TASK DESCRIPTION: Once the line holding "Jubilee (Derek Jarman, 1978)" is found in the entries below, transcribe exactly every line up to and including the one holding "découvrez les avantages", but leave out the pictures.

DATA EXTRACTS:

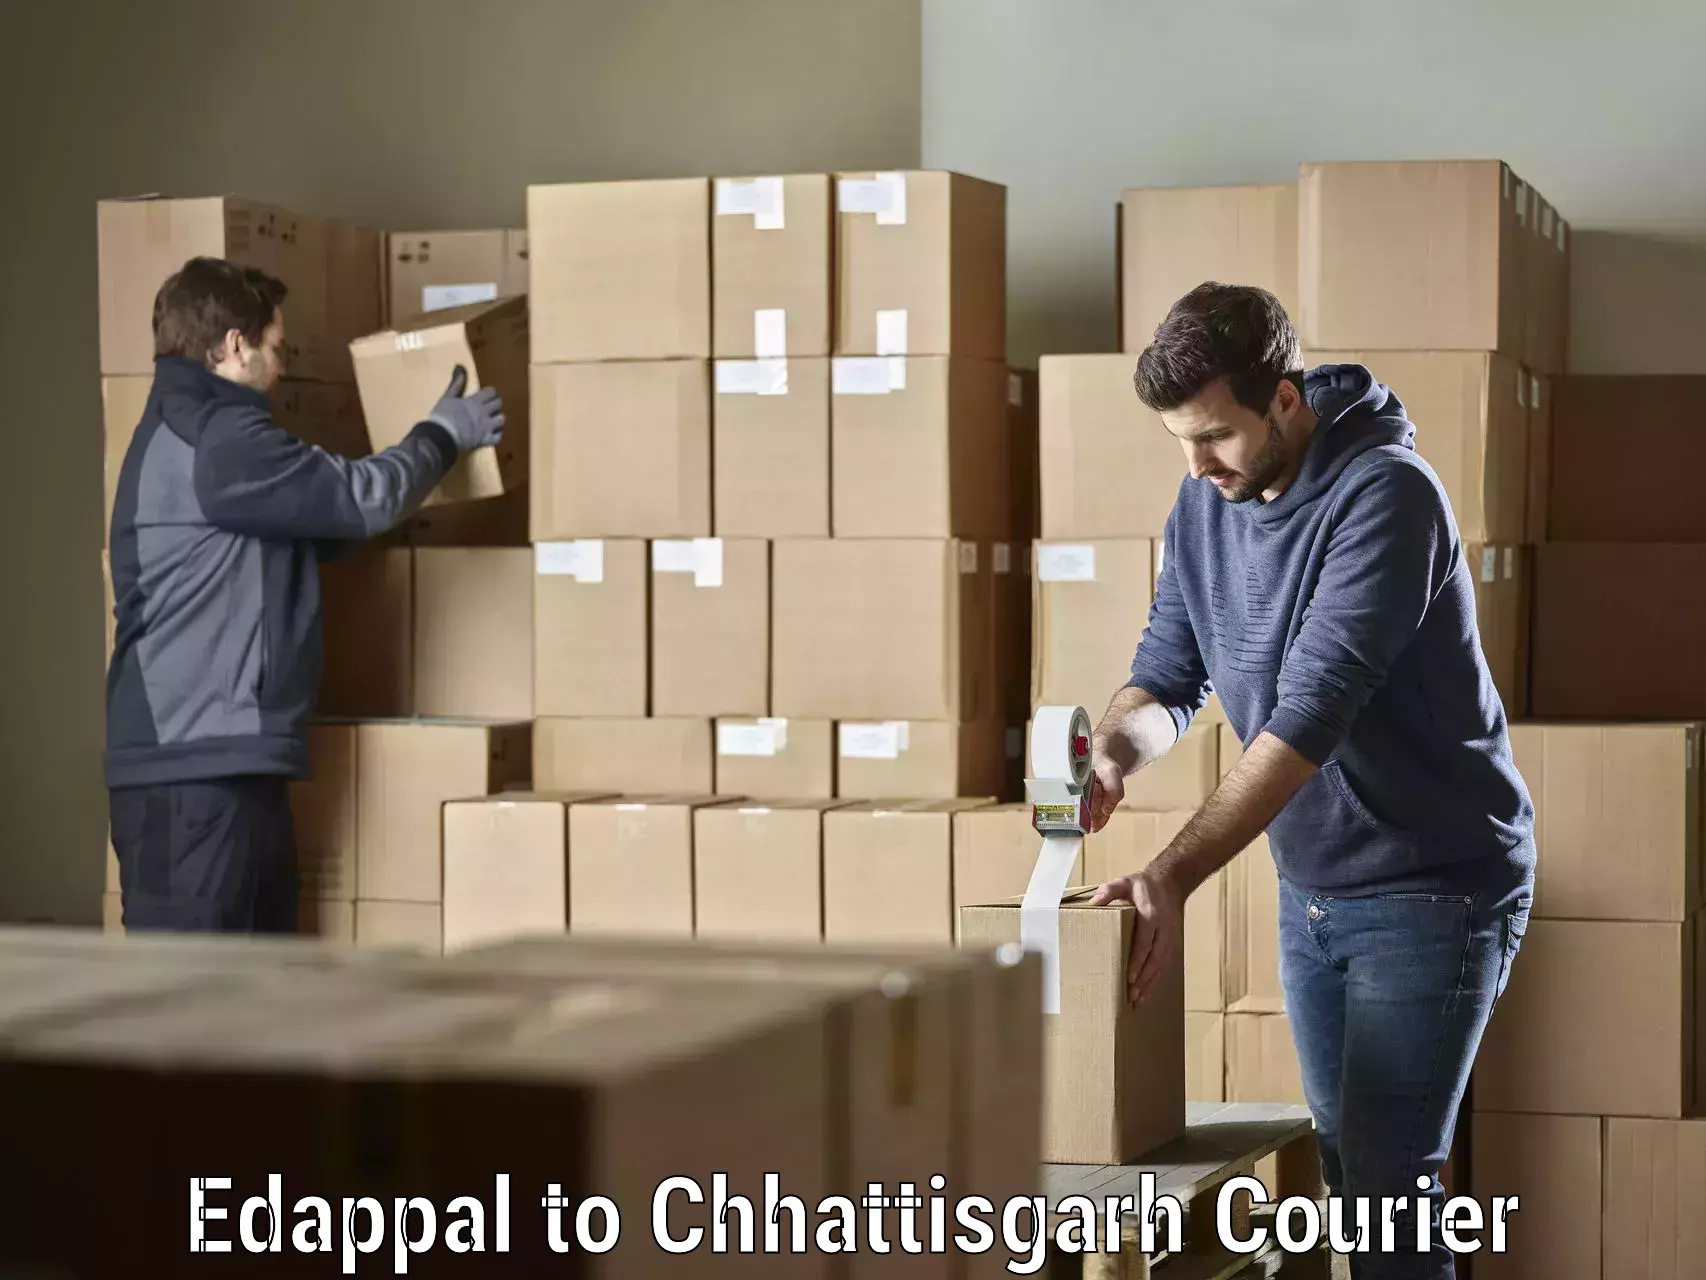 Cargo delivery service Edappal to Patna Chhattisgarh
--
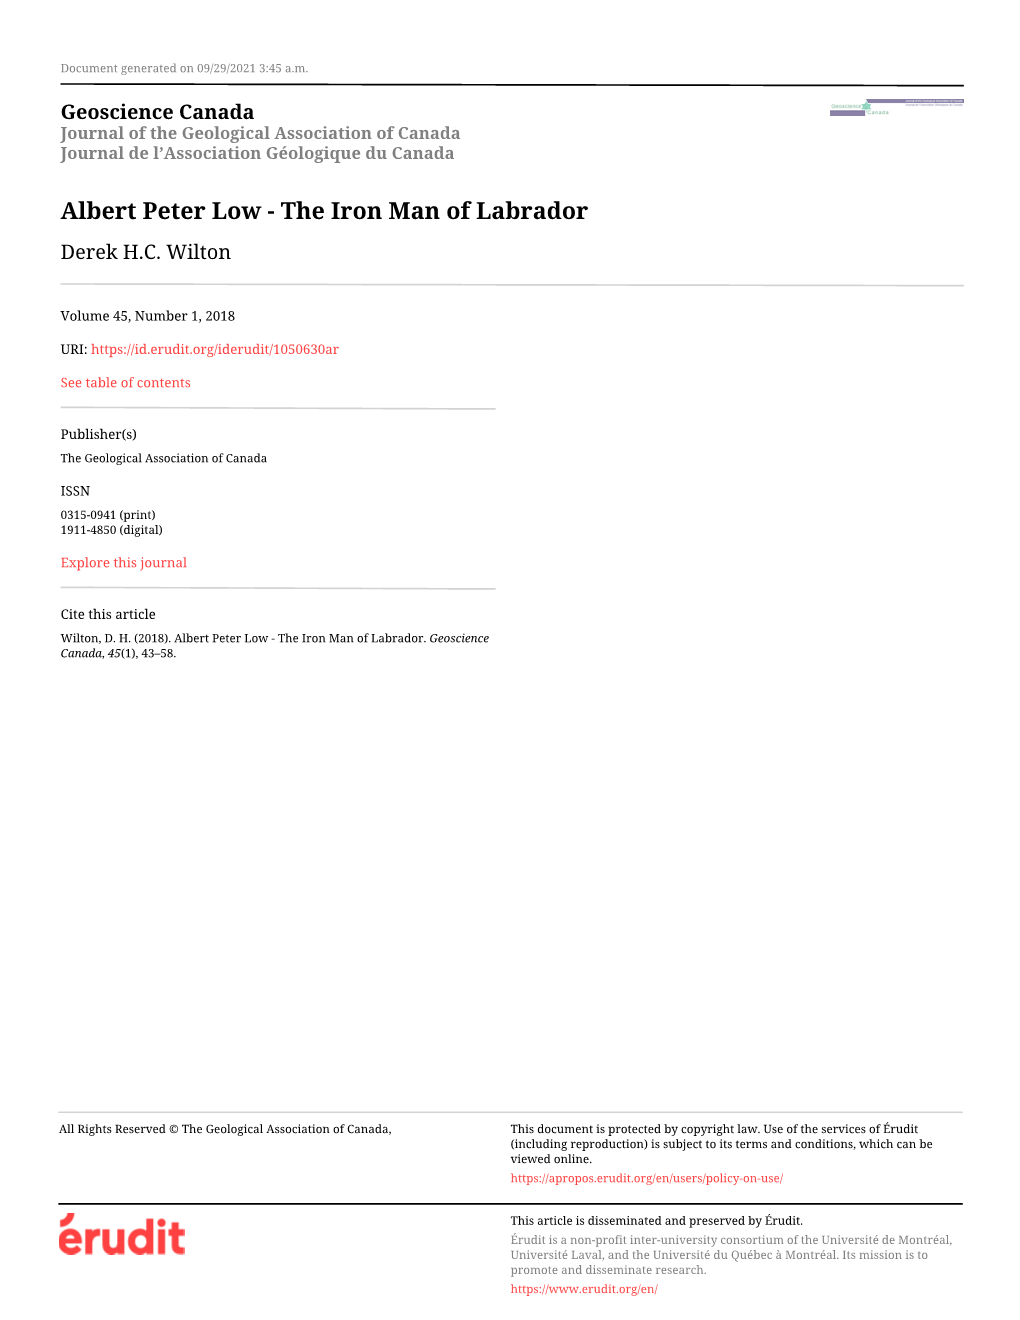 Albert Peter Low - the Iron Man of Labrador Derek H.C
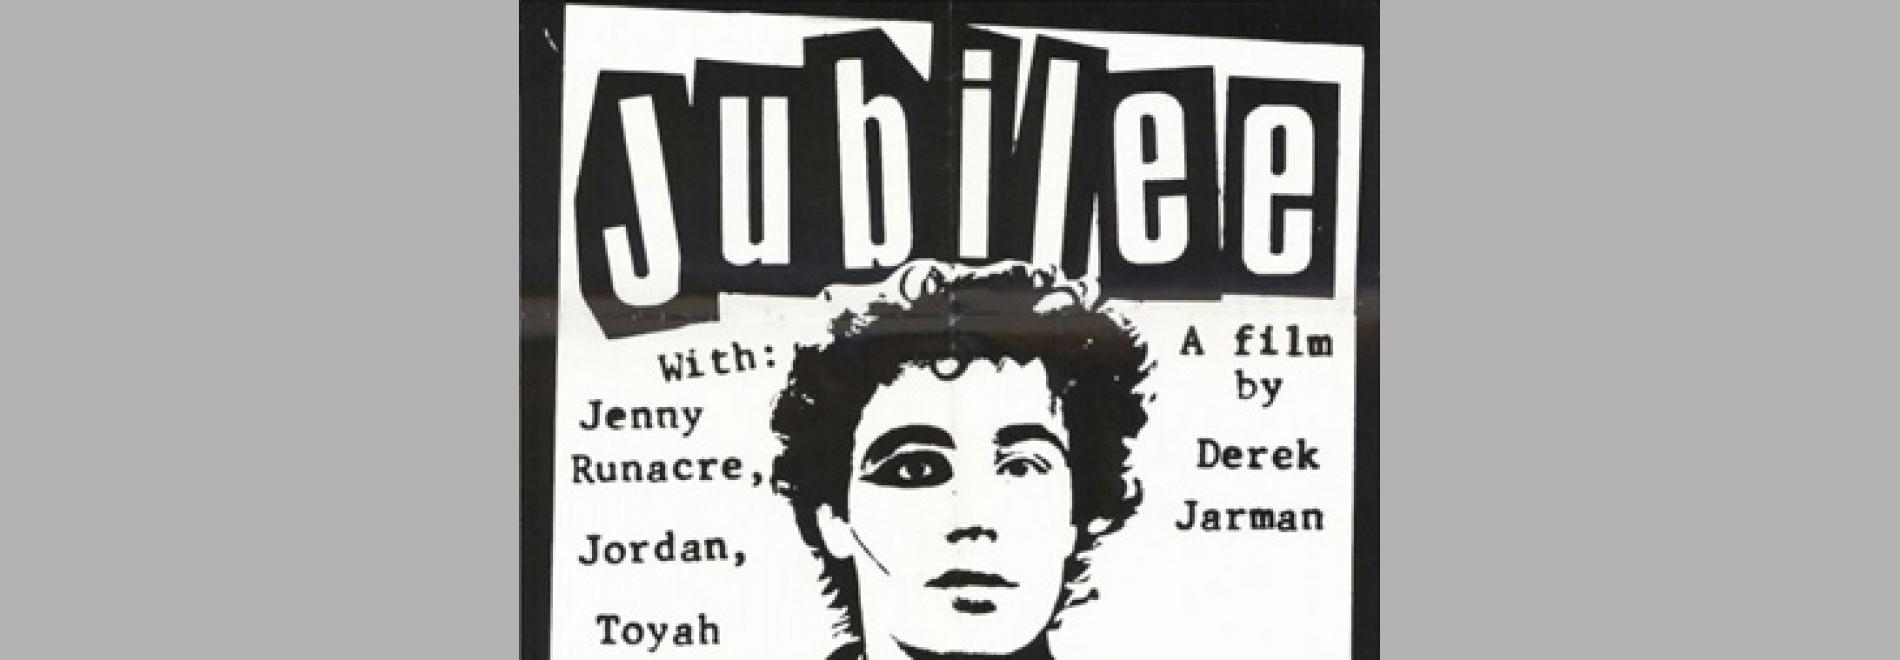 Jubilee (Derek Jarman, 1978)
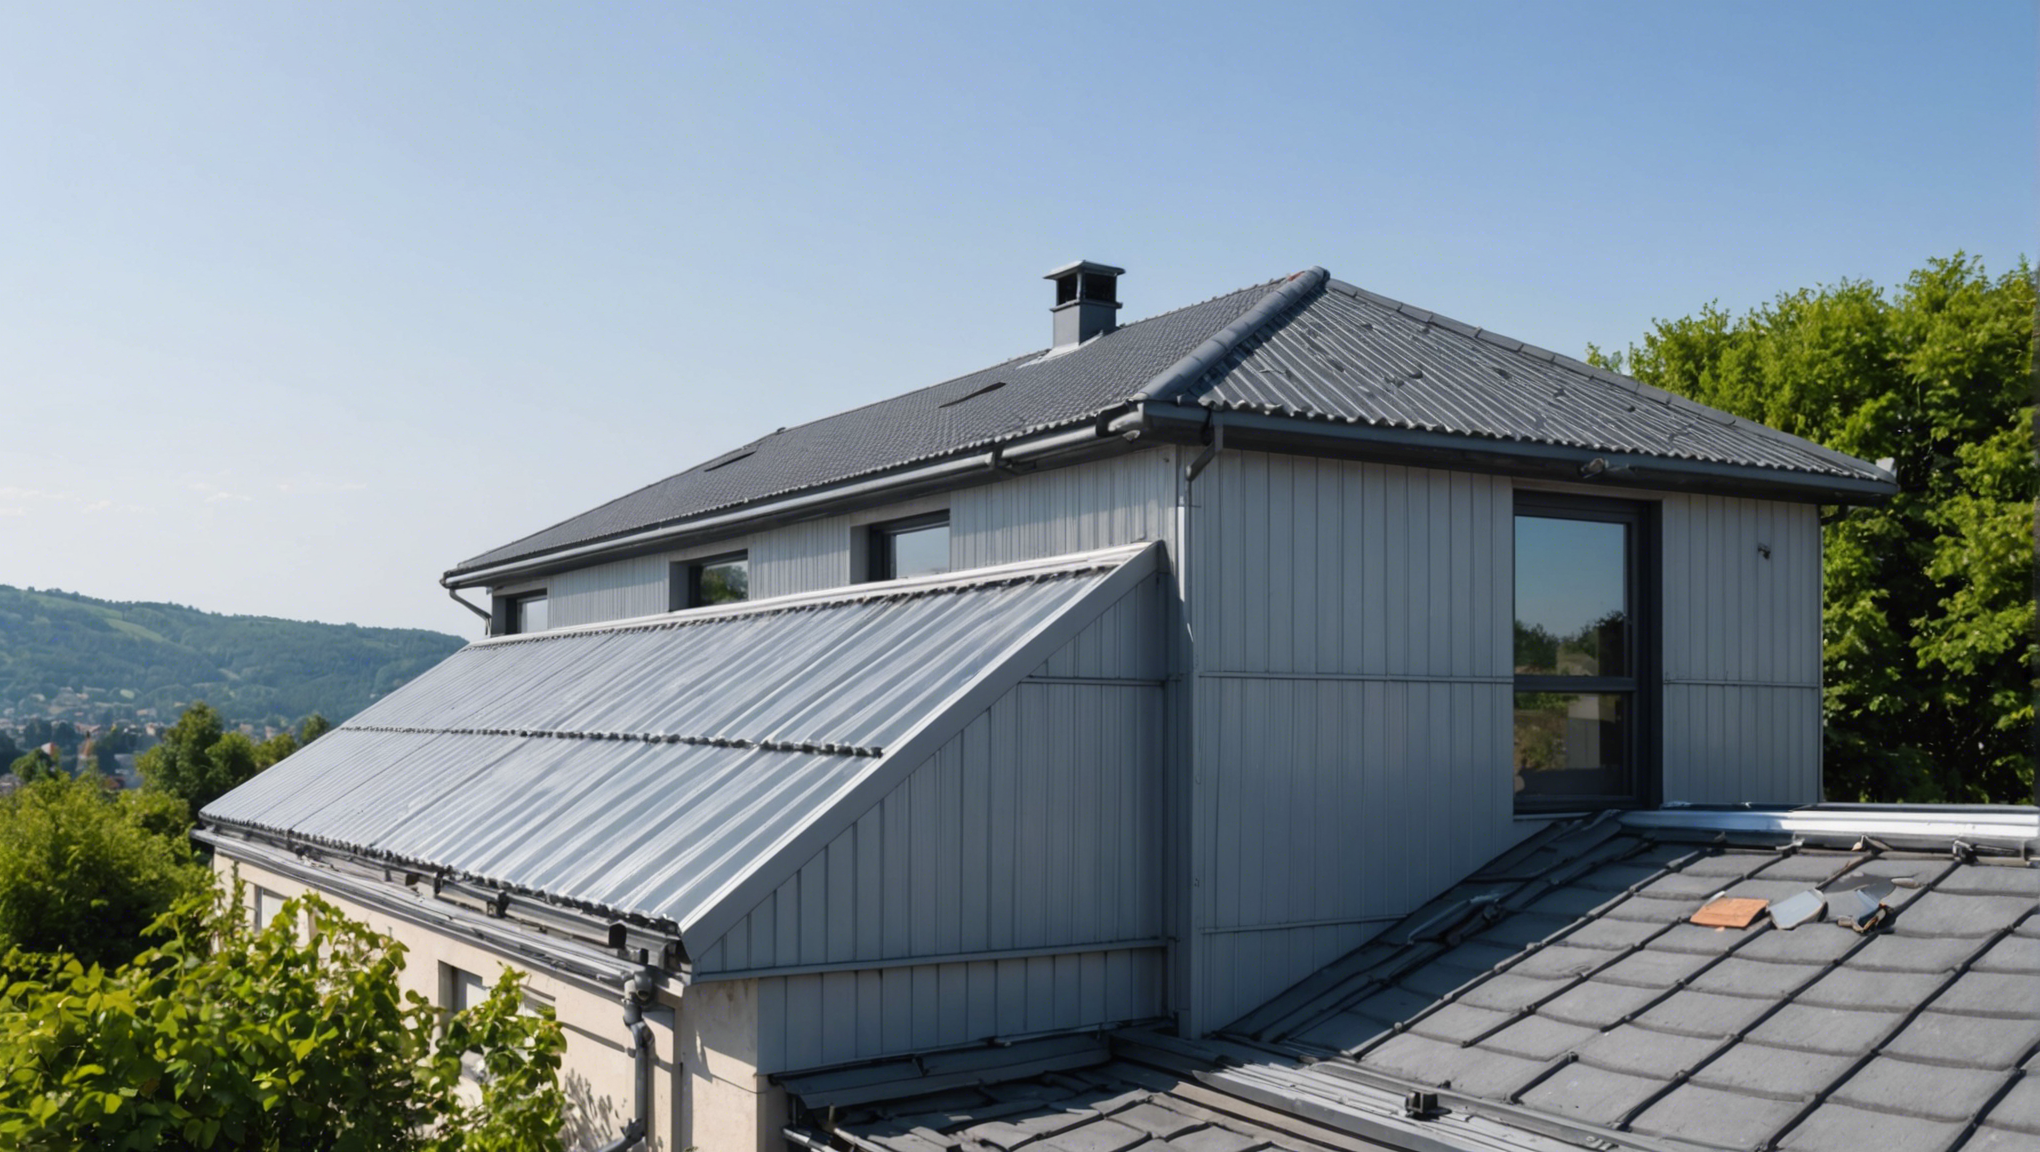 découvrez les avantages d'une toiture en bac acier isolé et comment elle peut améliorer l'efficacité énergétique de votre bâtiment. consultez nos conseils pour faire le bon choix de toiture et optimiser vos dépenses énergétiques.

EXERCISE SOLUTION:
 Jubilee (Derek Jarman, 1978)
 découvrez les avantages d'une toiture en bac acier isolé et comment elle peut améliorer l'efficacité énergétique de votre bâtiment. consultez nos conseils pour faire le bon choix de toiture et optimiser vos dépenses énergétiques.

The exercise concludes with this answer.